Busqué un vestido negro de cóctel porque pese a las circunstancias, no dejaba de ser una fiesta. En mi ultima conferencia había estrenado unos tacones de infarto que aún conservaban el brillo del último lustrado.
Habían pasado años de la última vez, y siempre le había gustado mis piernas.
Tenía que ir a ese funeral.
Una redecilla negra que cubra un poco mis ojos brillantes y nada más.
Llegué a la iglesia y no me sorprendió verlas.
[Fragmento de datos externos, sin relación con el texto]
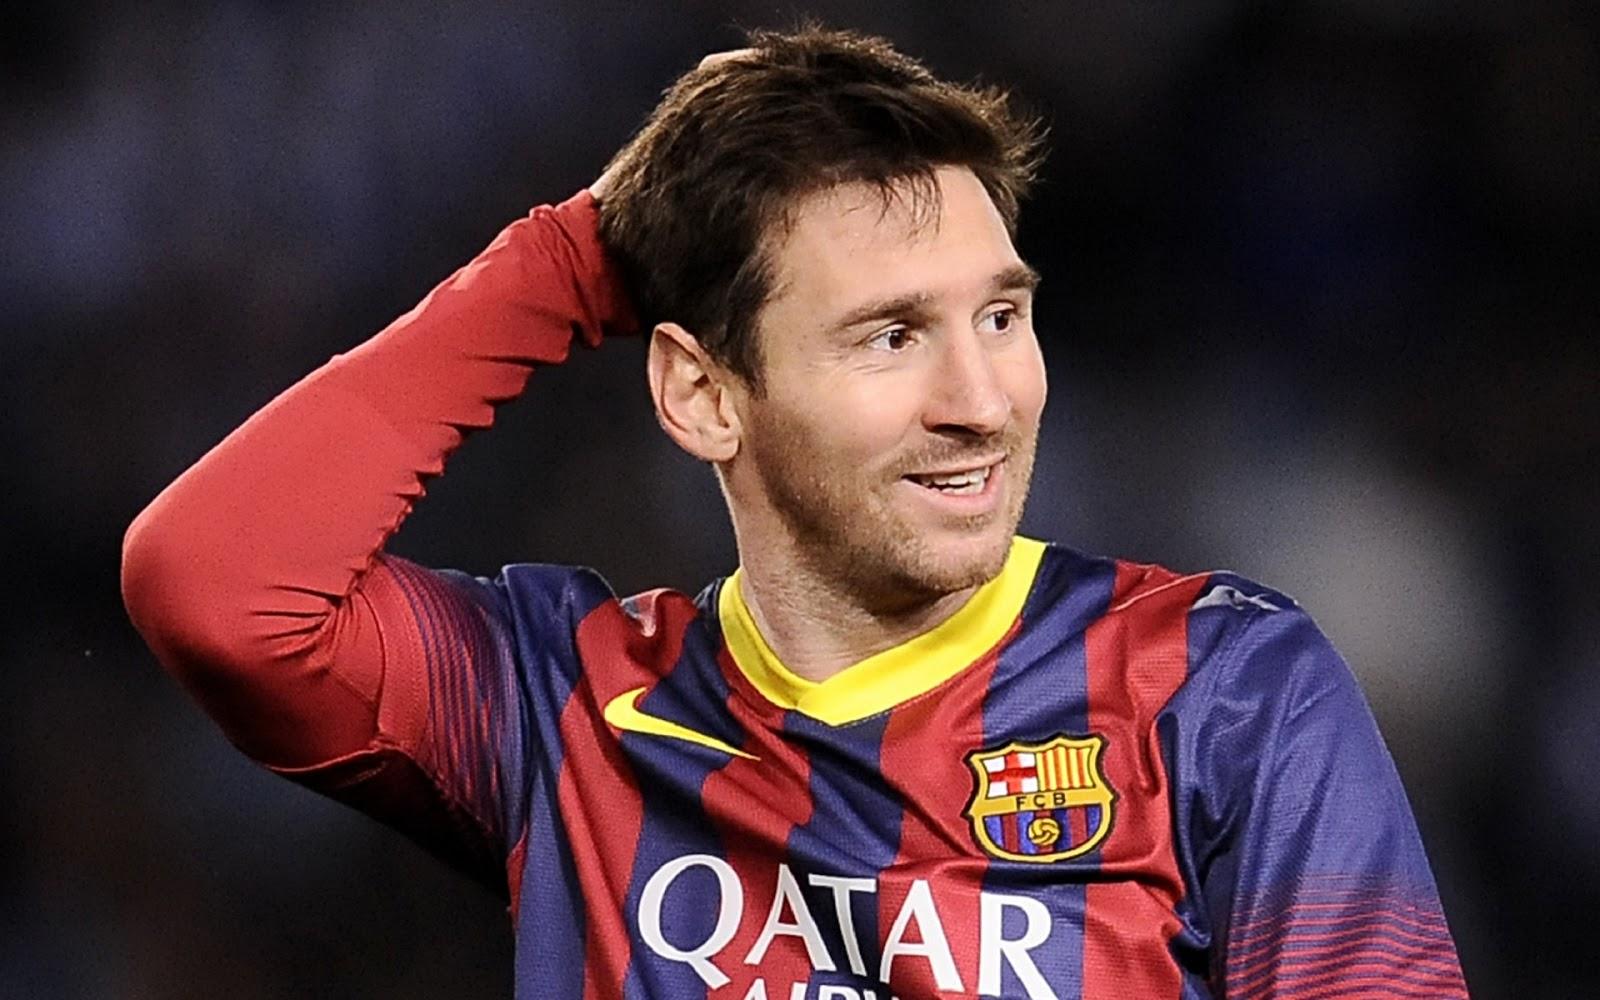 Hinh-anh-dep-nhat-cua-Lionel-Messi-%25282
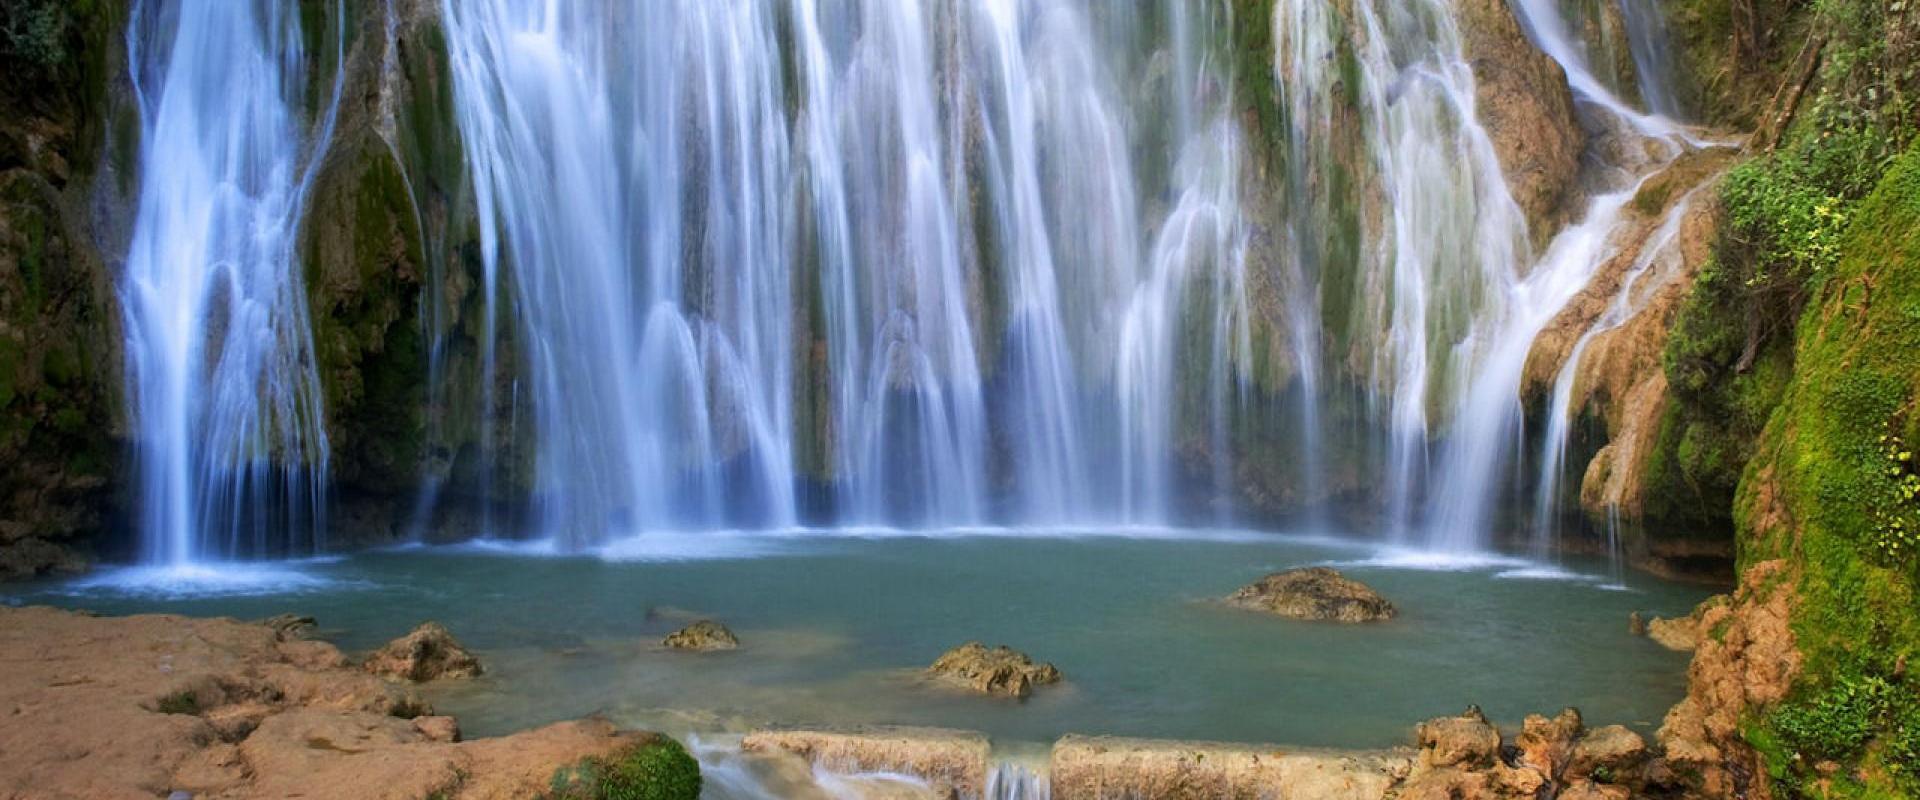 santo_domingo_waterfall1

A todas ellas. Unas más emocionadas que otras, unas más envejecidas que otras, más solas que otras. Pero todas ellas, presentes.
Era increíble la sensación de calor que se respiraba en la sala, un aire casi mundano y pasional. Cuántos deseos estaban encarnados en esos bancos, en esos vestidos, en los escotes.
Era un funeral.
Miré de reojo y observé que todas ellas se abanicaban de alguna manera. Mis piernas empezaban a sudar y mi sexo a palpitar, pero no existía nada más que la presencia del muerto, la mezcla de perfumes importados, vestidos caros y tacones.
El escenario se transformó en una especie de histeria contenida, una mirada arrebatadora de pieles, pezones excitados y bocas entreabiertas. Todas estábamos allí.
Pese a todo, no dejaba de ser una fiesta. No todos los días muere un Amante.